During the official preparation of the third agreement, which included the marriage of the king's sister Margaret to Henry of Bourbon, the young king of Navarre and the chief leader of the Huguenots, Charles IX organized a terrible massacre of his opponents on the eve of St. Bartholomew on the night of August 23-24, 1572. Henry of Navarre managed to escape, but thousands of his associates were killed. Charles IX died two years later and was succeeded by his brother Henry III. Henry of Navarre had the greatest chances for the throne, however, being the leader of the Huguenots, he did not suit the majority of the country's population. The leaders of the Catholics formed a "league" against him, meaning to enthrone their leader, Henry of Giese. Unable to withstand the confrontation, Henry III treacherously killed both Guise and his brother, the Cardinal of Lorraine. Even at that Time of Troubles this act provoked general outrage. Henry III quickly moved to the camp of his other rival, Henry of Navarre, where he was soon killed by a fanatical Catholic monk.

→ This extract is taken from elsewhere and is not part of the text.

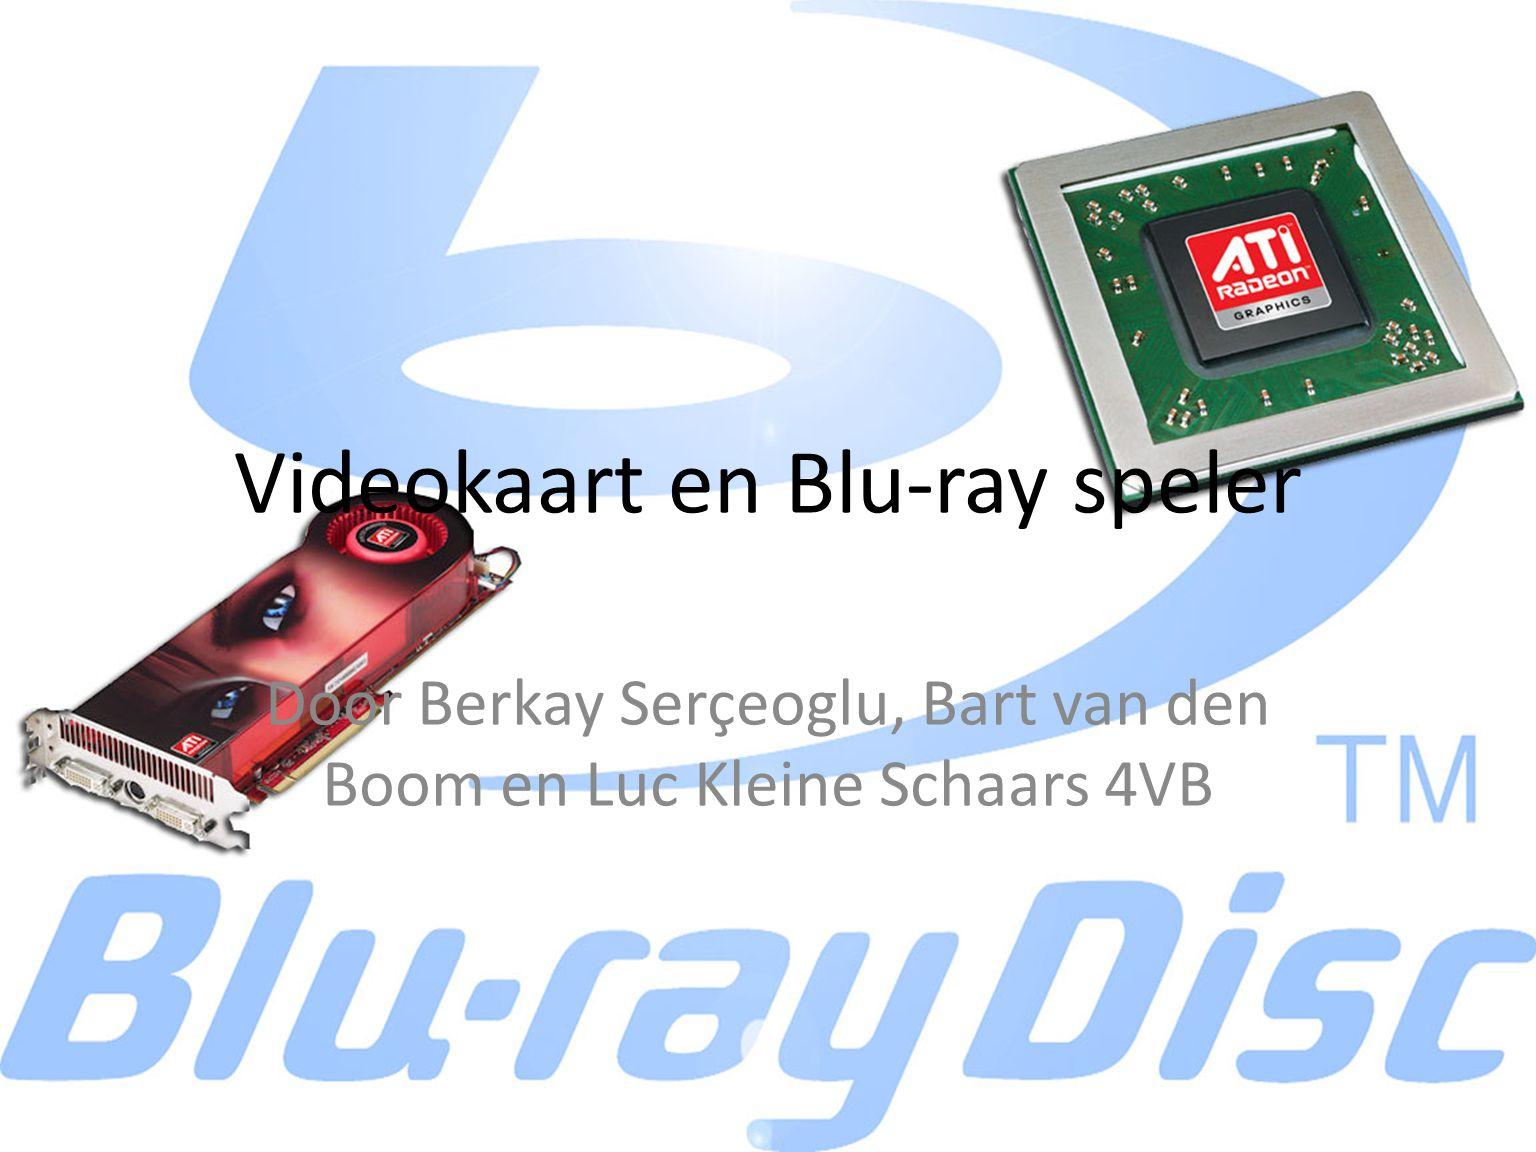 Videokaart en Blu-ray speler

Left out of work at the end of the wars abroad in 1559 and seeing the helplessness of the sons of Francis I, the nobles emotionally accepted religious strife. Catherine de' Medici opposed general anarchy, sometimes supporting different sides, but more often trying to restore the authority of royalty through negotiations and maintaining religious neutrality. However, all her attempts were unsuccessful. When she died in 1589 (her third son also died in the same year), the country was on the verge of destruction.

Although Henry of Navarre now enjoyed military superiority and received the support of a group of moderate Catholics, he returned to Paris only after renouncing the Protestant faith and was crowned at Chartres in 1594. The Edict of Nantes ended the wars of religion in 1598. The Huguenots were officially recognized as a minority entitled to labor and self-defense in some areas and cities.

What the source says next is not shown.